Thailand: Hours Before Vote For PM, Court Suspends Pita Limjaroenrat From Parliament
The court order came as Pita Limjaroenrat, the leader of Move Forward, was due to contest a parliamentary vote to become prime minister.
Hours before he was due to contest a parliamentary vote to become Thailand prime minister, the country's Constitutional Court suspended Pita Limjaroenrat from Parliament on Wednesday after accepting a case alleging he was unqualified to run in May's election, Reuters reported.
The court order came as Pita Limjaroenrat, the leader of Move Forward Party, was due to contest a parliamentary vote to become the next prime minister.

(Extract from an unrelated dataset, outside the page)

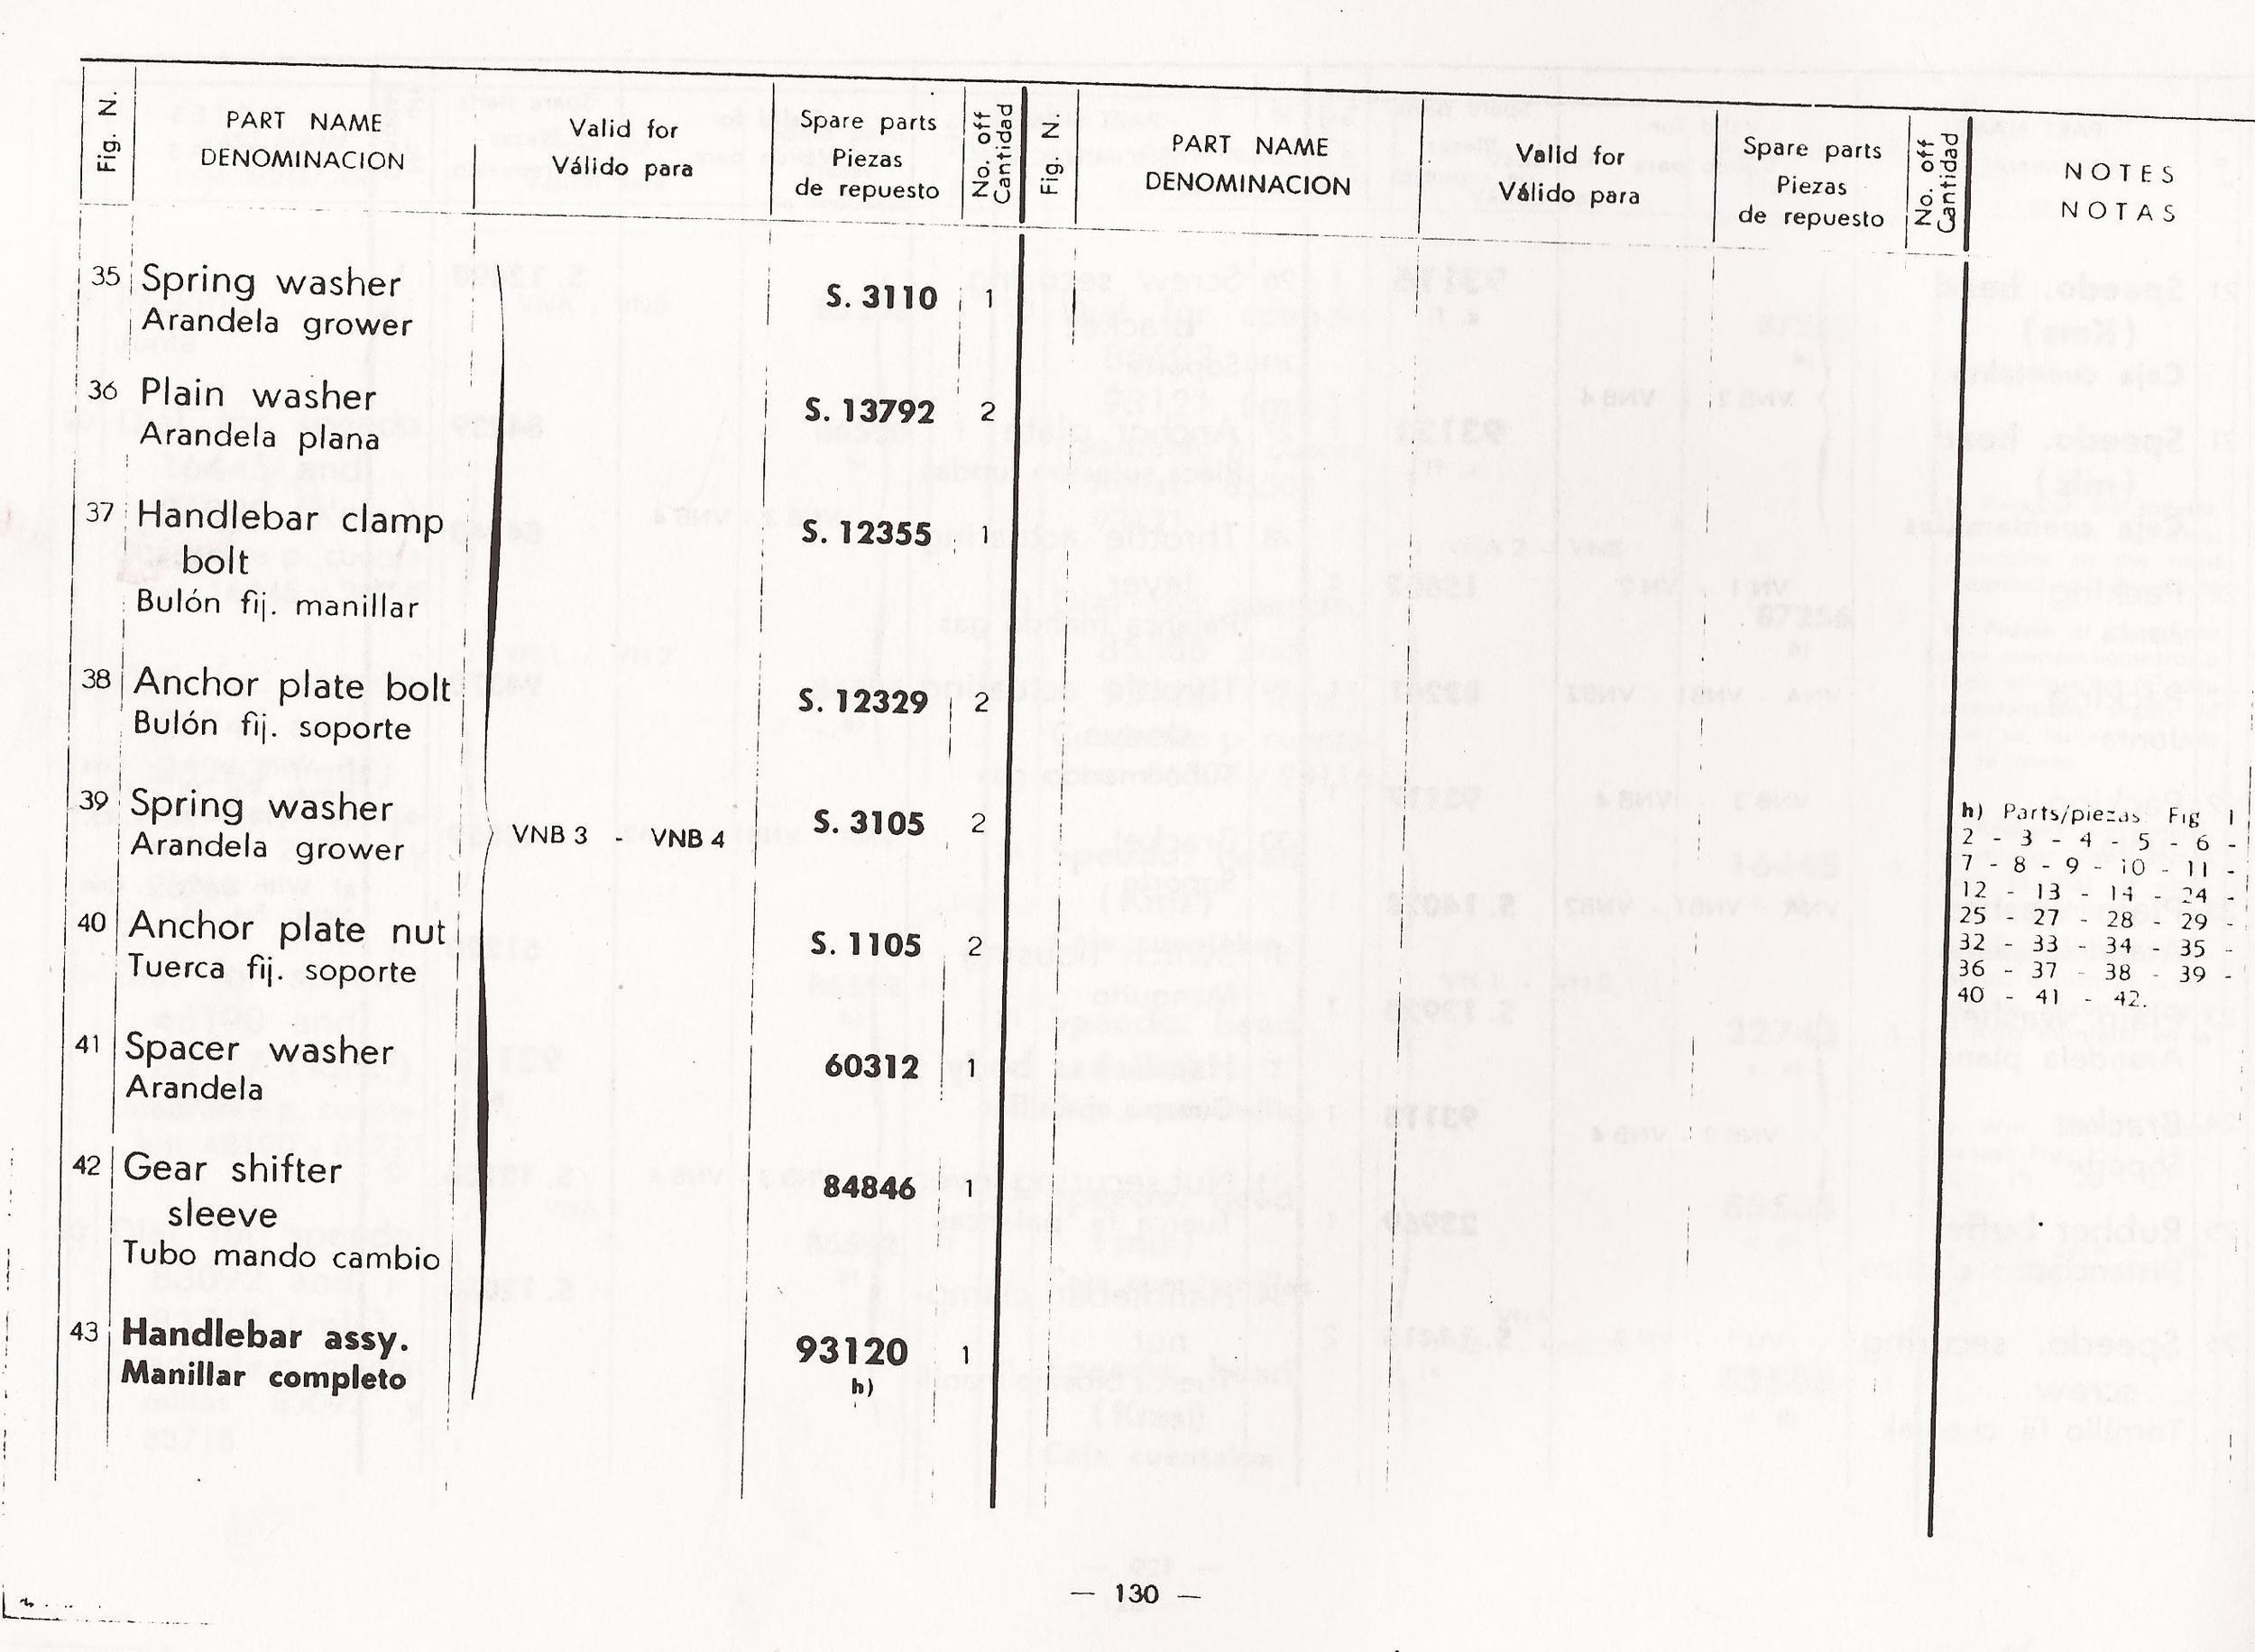 07-16-2013 vespa 125 catalog manuel 141.jpg

However, Move Forward Party said the suspension should not affect Pita's nomination for the prime ministerial vote. Under election rules, a suspended MP can still run for prime minister.

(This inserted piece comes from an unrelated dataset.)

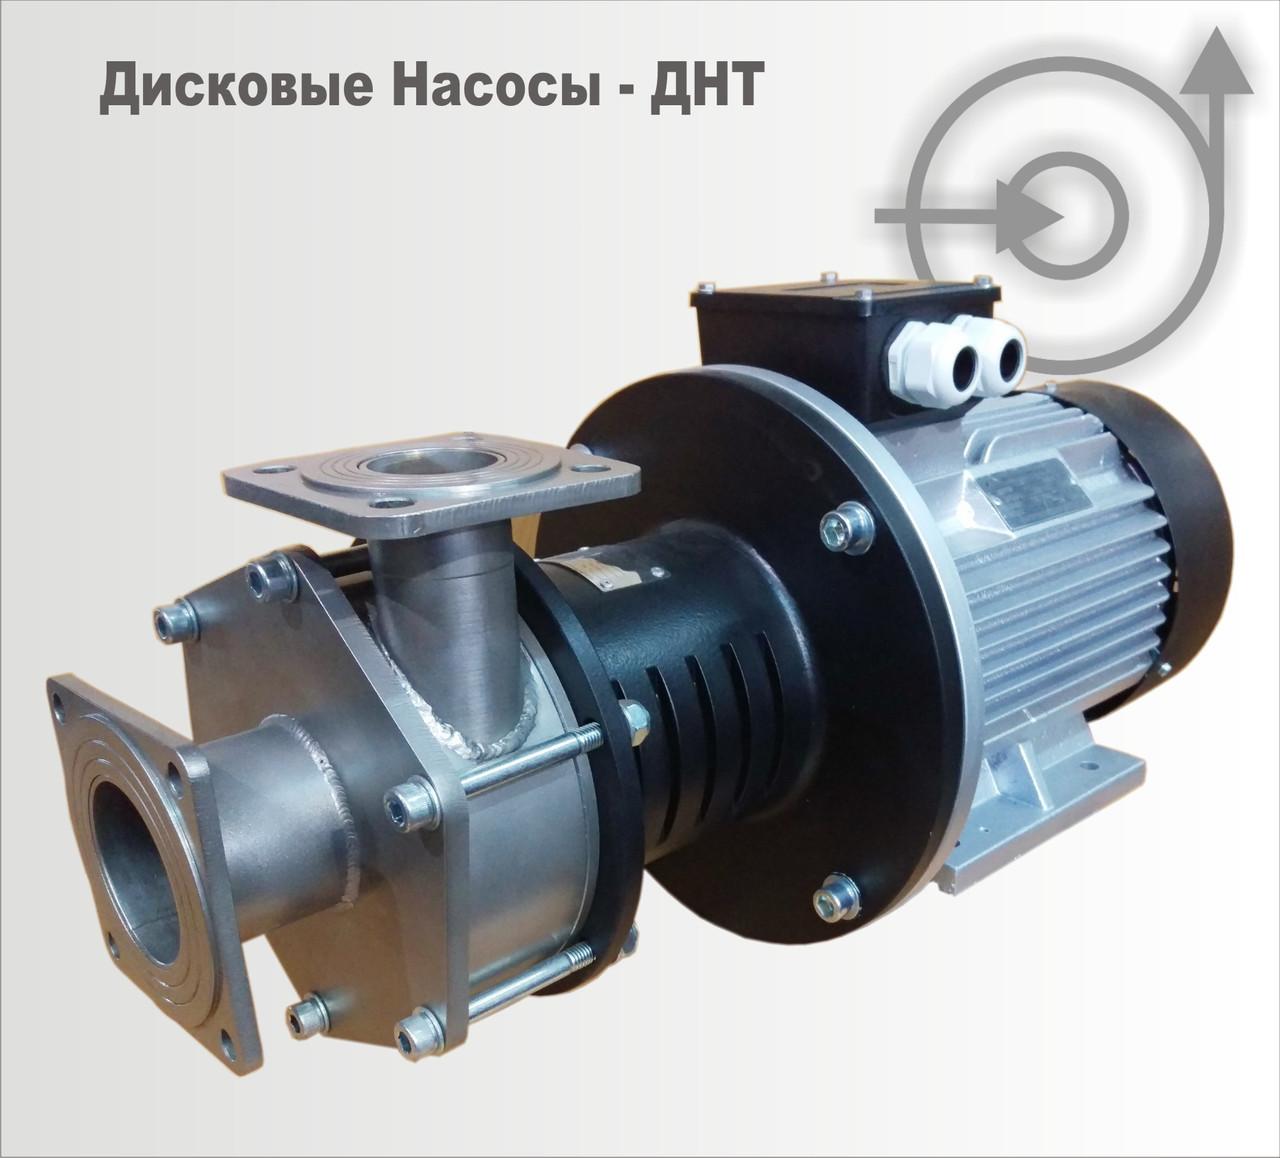 Дисковый насос ДНТ-М 140 20-6 ТУ нержавеющая сталь

Earlier this month, Thailand's Election Commission urged the Constitutional Court to suspend Pita over allegations that he broke campaign rules as an MP.
The EC has alleged that Pita should be disqualified because of his past ownership of shares in a media company, which violates electoral rules, Reuters reported.

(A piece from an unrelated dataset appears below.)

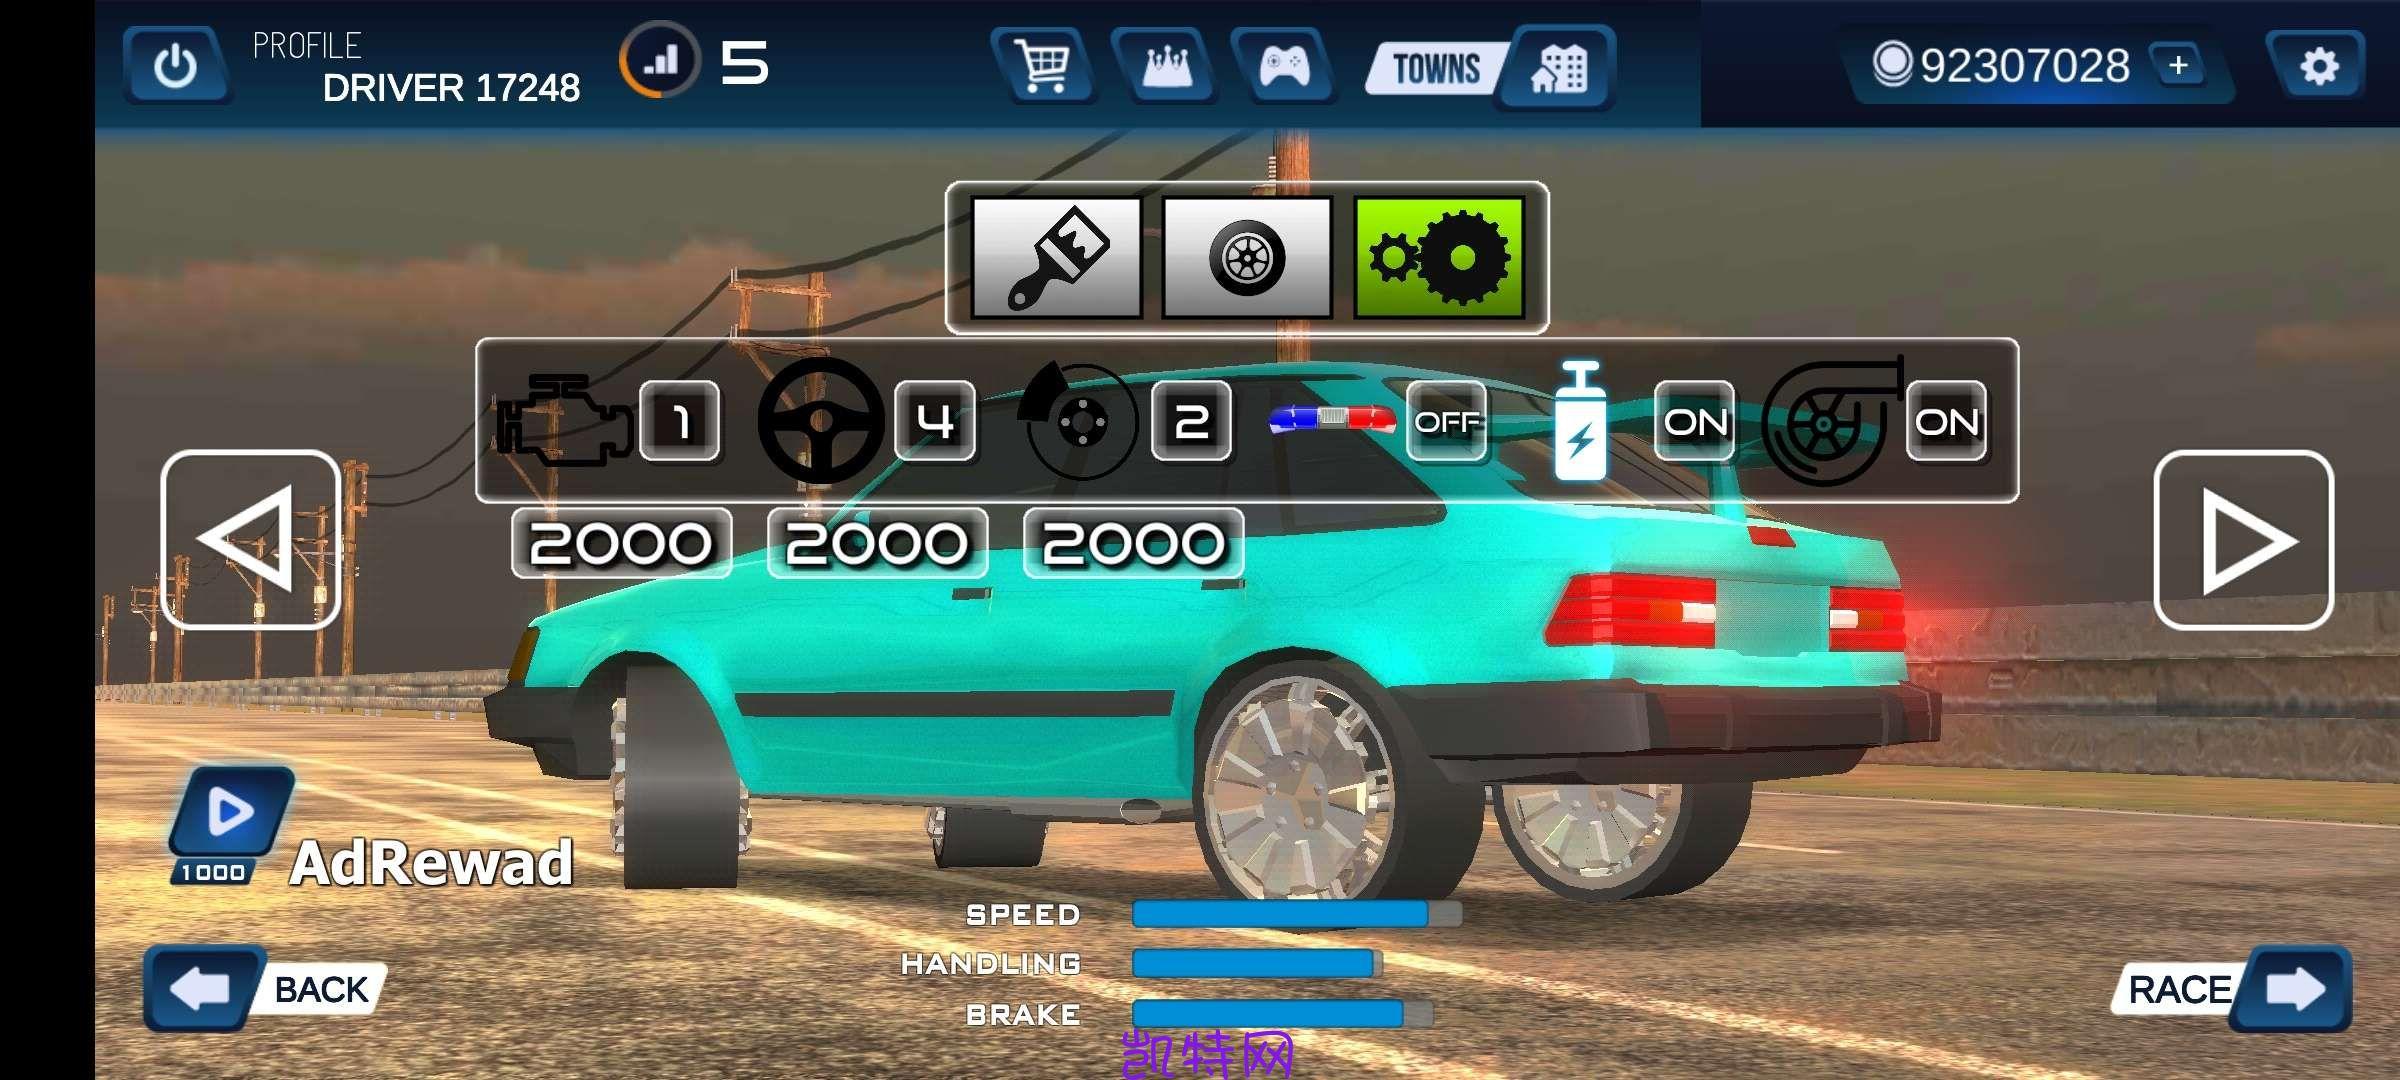 【无邪原创】Traffic Game Racer.ver.1.3

Under Thailand's election rules, a candidate is prohibited from being an owner or shareholder of a media company.
Pita, 42, has argued his ownership of shares in a media company was not a violation of election rules. He said he had owned shares in Independent Television (iTV), which were inherited from his father. However, Pita said he transferred the shares from his ownership. Independent Television closed in 2007.
In the May election, Pita's progressive Move Forward Party (MFP) emerged as the single largest party, winning 151 of the 500 seats of Thailand's Parliament Lower House. The win was seen as voters rejecting the rule of military-linked parties that ran the kingdom for nearly a decade since the 2014 coup.
After its victory, Pita, a Harvard graduate and former tech executive, formed a coalition with seven other opposition parties and the alliance has 312 seats.
Pita needs the backing of more than half of the bicameral parliament to be endorsed as the next prime minister.
Last week, he lost the initial bid after being blocked by the army-appointed Senate in a joint vote on the premiership.